Kepemilikan Wakeboat:10 Pelajaran Penting yang Dipetik

Pembaca jangka panjang tahu bahwa pada akhir tahun 2014, 8 tahun setelah keluar dari tempat tinggal, saya dan istri memutuskan membeli perahu setelah menyadari bahwa tidak apa-apa untuk sedikit melonggarkan dompet. Kami telah hidup seperti penduduk selama empat tahun, kemudian membeli rumah impian kami enam bulan setelah kami pindah ke pekerjaan “anak besar” kami. Namun itu pun hanyalah peningkatan kecil dalam gaya hidup kami. Pada tahun 2014, saya telah menjadi mitra dalam kelompok saya selama beberapa tahun dan telah mencapai “penghasilan puncak”, setidaknya untuk bidang kedokteran. Kami sudah menjadi jutawan. Faktanya, pada saat itu kami sudah mulai melihat kesuksesan finansial yang cukup signifikan dengan The White Coat Investor. Tujuan kami tidak pernah menjadi orang terkaya di kuburan. Jadi pada tahun itu kami secara sadar mengambil keputusan untuk membelanjakan lebih banyak uang untuk gaya hidup kami.

Salah satu bagiannya adalah menukar runabout kecil kami sepanjang 17 kaki dengan wakeboat sepanjang 24 kaki. Ini bukanlah wakeboat termahal di pasaran, tapi ini adalah cek terbesar yang pernah saya tulis hingga saat itu, sekitar $80.000 jika Anda menambahkan pajak, kepemilikan, dan lisensi.

Sekarang sudah tiga musim dan sekitar 330 jam bekerja dan saya pikir kita sekarang bisa mundur dan melihat keputusan itu. Karena ini adalah blog keuangan, kami akan fokus pada aspek keuangan. Oleh karena itu, berikut adalah 10 pelajaran finansial yang kita pelajari atau pelajari kembali dari membeli wakeboat. Tujuh yang pertama agak negatif, tiga yang terakhir lebih positif.
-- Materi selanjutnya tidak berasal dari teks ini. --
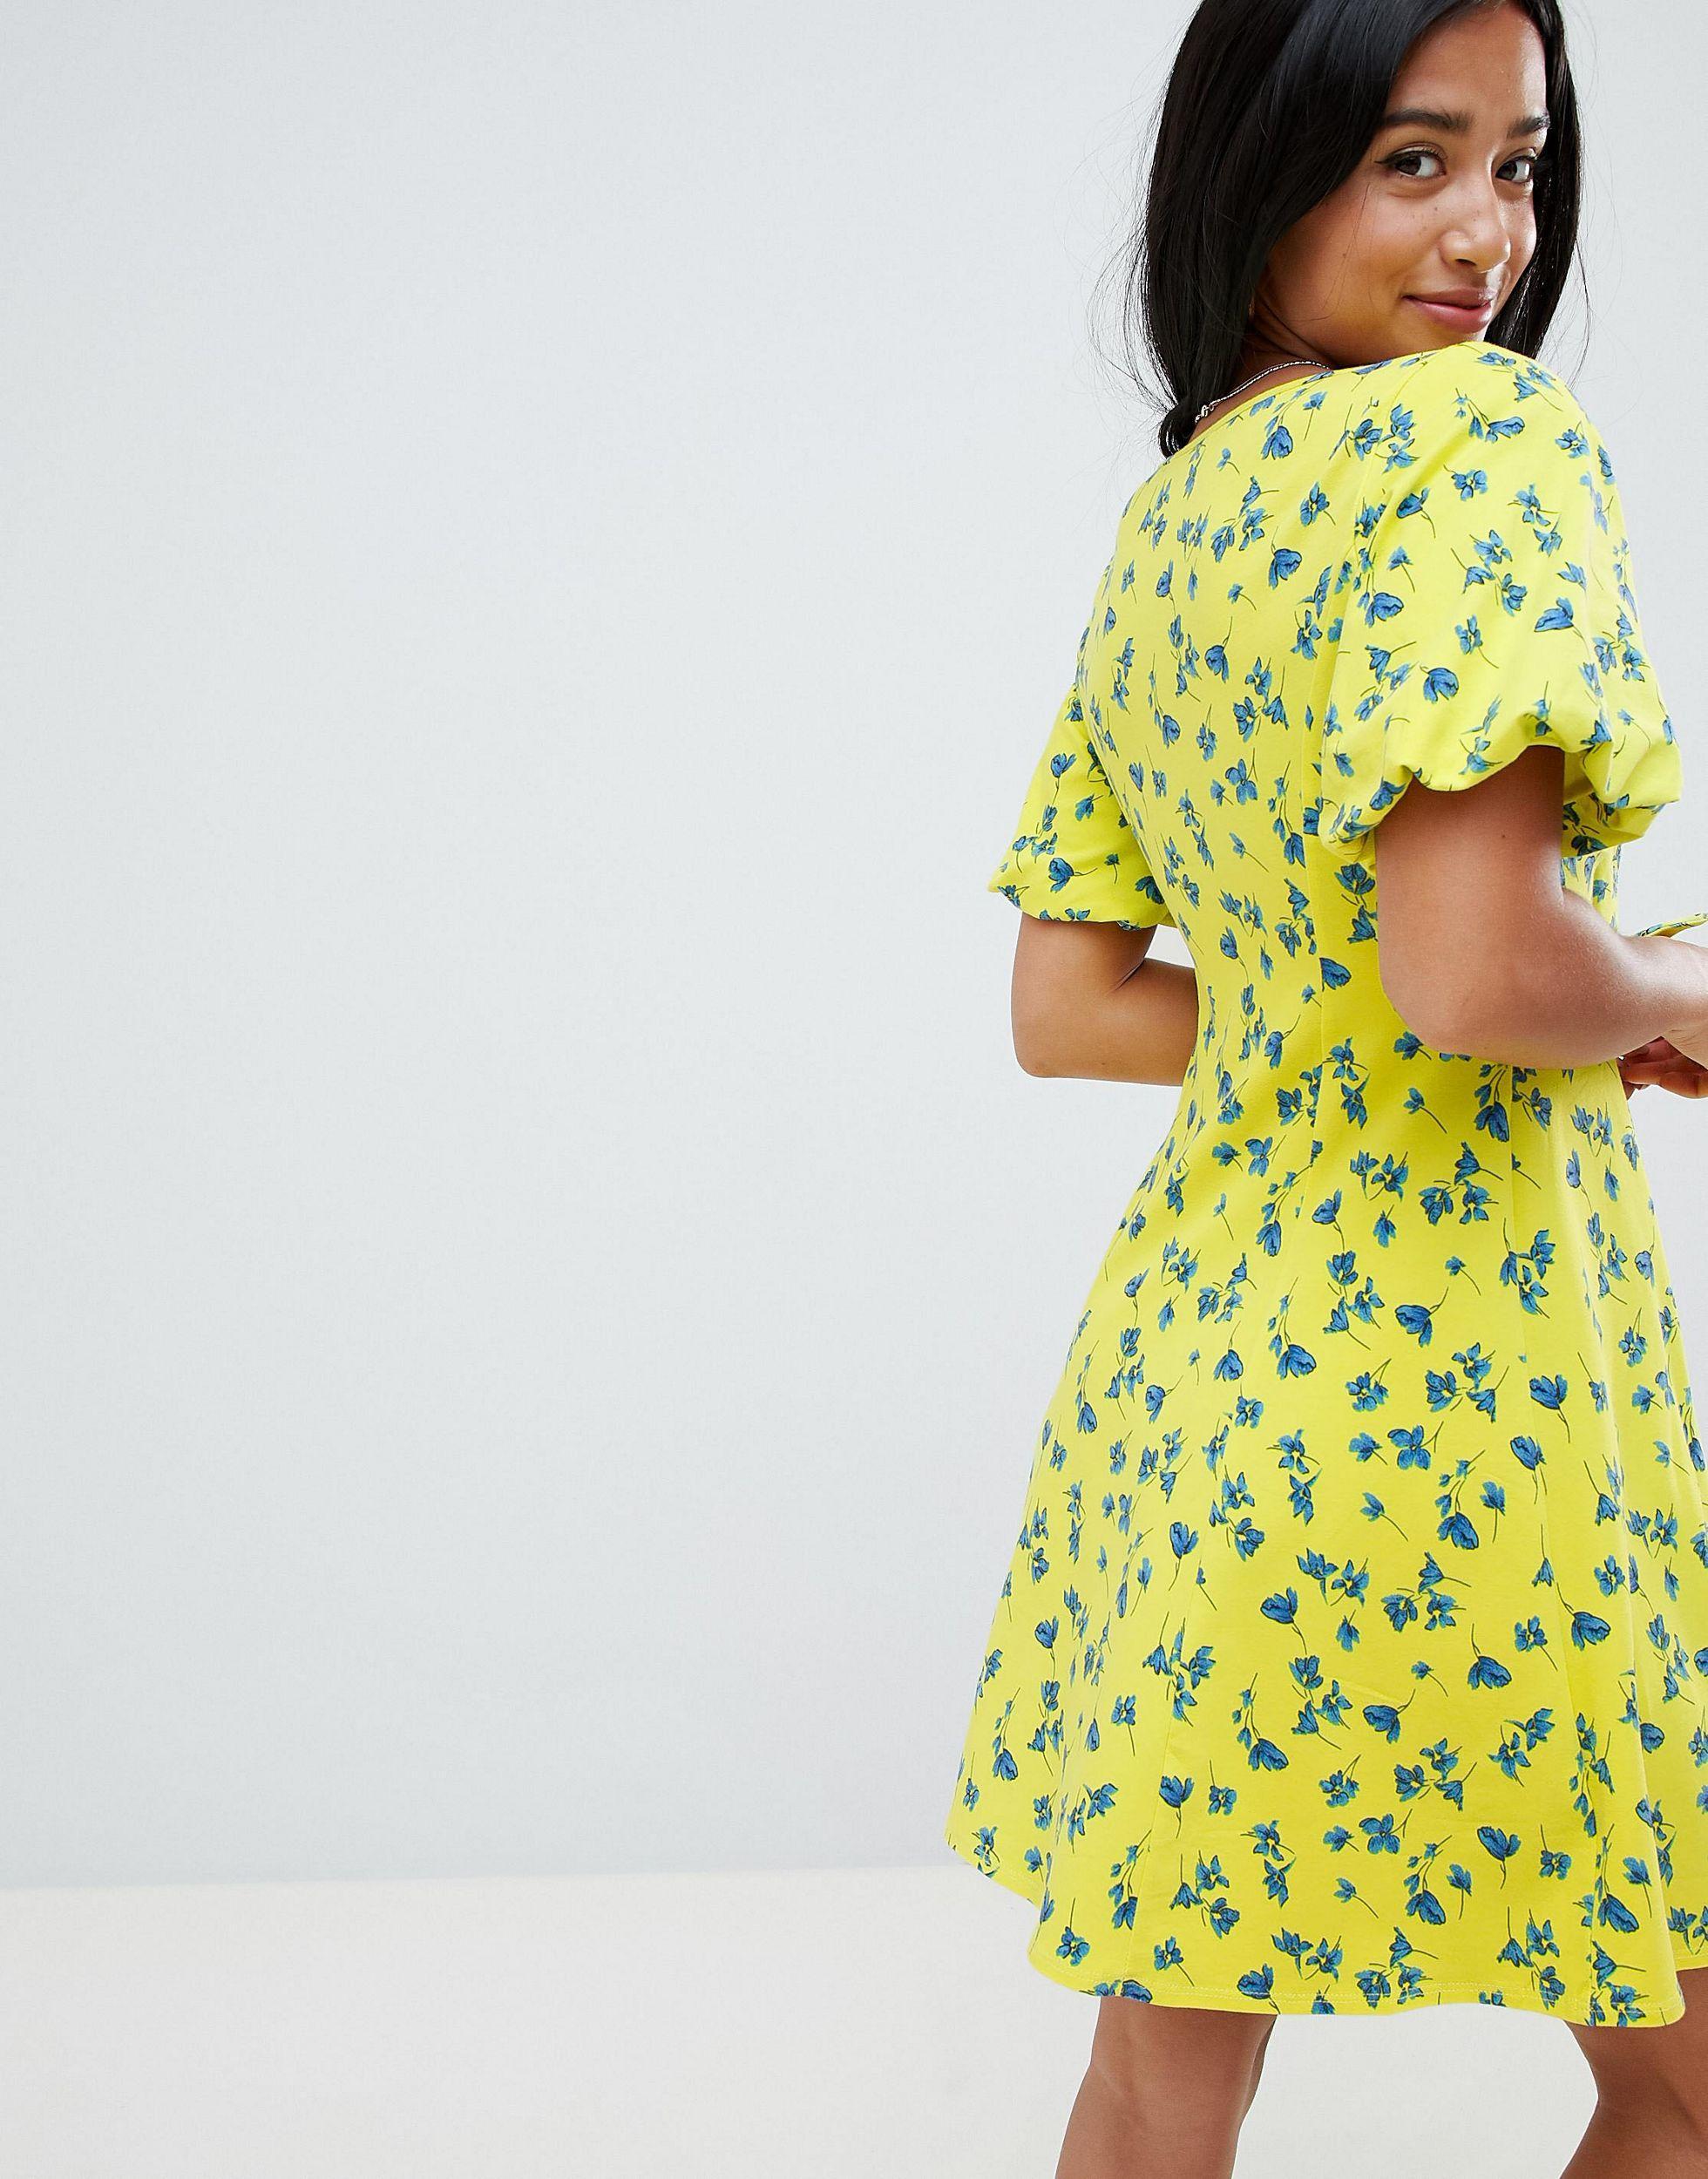 ASOS DESIGN Petite - Robe patineuse d'été nouée sur le devant à manches boule Jean ASOS en coloris Jaune
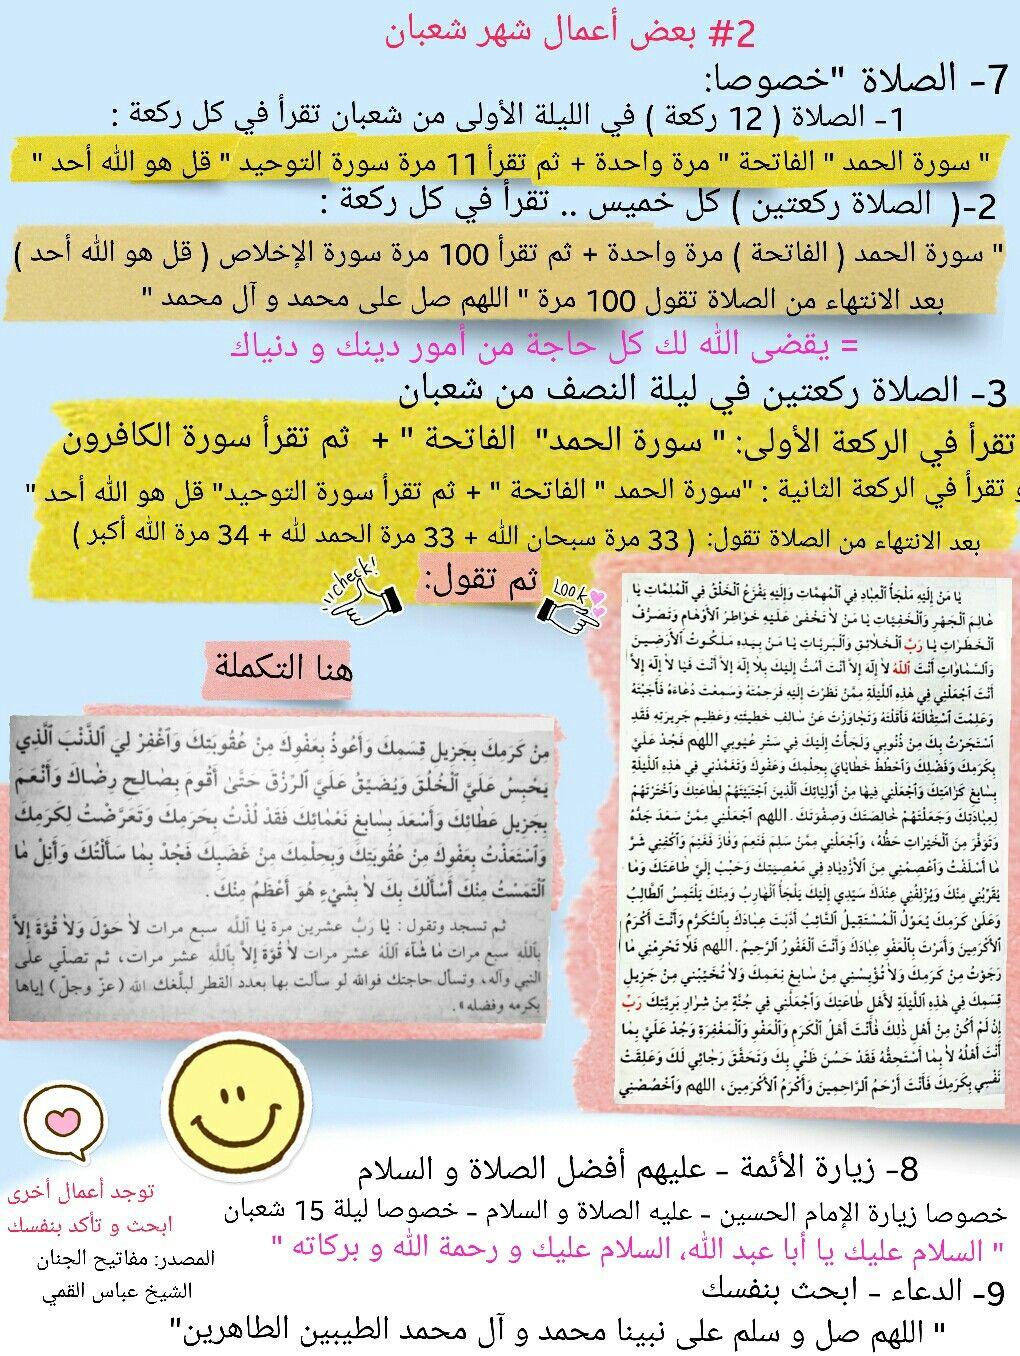 2بعض أعمال شهر شعبان شهر النبي محمد صلى الله عليه و آله و سلم Word Search Puzzle Words Bullet Journal

Kepemilikan Wakeboat:10 Pelajaran Penting yang Dipetik

Pelajaran yang Dipetik dari Wakeboat

#1 Jangan Beli Perahu!

Mari kita mulai dengan yang sudah jelas. Dua hari terbaik dalam hidup seorang pemilik perahu adalah hari dia membeli perahunya dan hari dia menjualnya. Perahu adalah sebuah lubang di air tempat Anda membuang uang. BOAT adalah singkatan Membawa Seribu Lagi. Ini semua benar. Kami memiliki perahu selama 5 tahun sebelum membeli yang ini. Kami sangat menyadari masalah keuangan berperahu. Kami tahu segalanya akan menjadi lebih buruk dengan melakukan peningkatan. Namun meski begitu, saya terkejut dengan betapa mahalnya harga ini. Benda ini GUZZLES gas (sekitar 2 mil per galon saat pemberat tidak penuh untuk berselancar). Suku cadangnya sangat mahal. Harga sebuah baling-baling adalah $600. Sepotong plastik kecil mungkin berharga $130. Perbaikan karpet, pelapis, dan lapisan gel sangat mahal. Jangan menipu diri sendiri. Jika Anda membeli perahu, Anda akan kehabisan uang. Tentu saja kita punya. Yang membawa kita ke pelajaran #2:

#2 Berperahu Adalah Olahraga Orang Kaya

Jika Anda bukan orang kaya, Anda tidak punya bisnis berperahu. Saya membuat kesalahan di forum berperahu ketika saya terkejut melihat banyaknya orang yang bersedia membiayai pembelian kapal. Mereka menyulutku seperti aku gila. Jajak pendapat selanjutnya menunjukkan bahwa sekitar setengah dari peserta forum membiayai perahu mereka (termasuk banyak kapal yang jauh lebih murah dibandingkan milik saya). Saya tidak dapat membayangkan setelah membayar bahan bakar, pemeliharaan, aksesori, perbaikan, penyimpanan, dan lisensi untuk kemudian pergi dan melakukan pembayaran kapal tua yang besar. Akan sangat buruk jika Anda menulis cek pada bulan Januari untuk sebuah kapal yang tidak Anda lihat selama tiga bulan dan mengetahui bahwa Anda tidak akan memasukkannya ke dalam air selama lima bulan lagi. Seperti banyak hal lain dalam hidup, berperahu sepenuhnya opsional. Hal ini tidak sesuai dengan kesuksesan finansial pada pendapatan kelas menengah. Itu termasuk dalam kategori yang sama dengan heli-ski, memiliki kuda, memiliki rumah kedua, dan menerbangkan pesawat. Jika Anda tidak mampu melakukan semua itu, jangan membeli perahu. Faktanya, naik heli-ski jauh lebih murah daripada naik perahu.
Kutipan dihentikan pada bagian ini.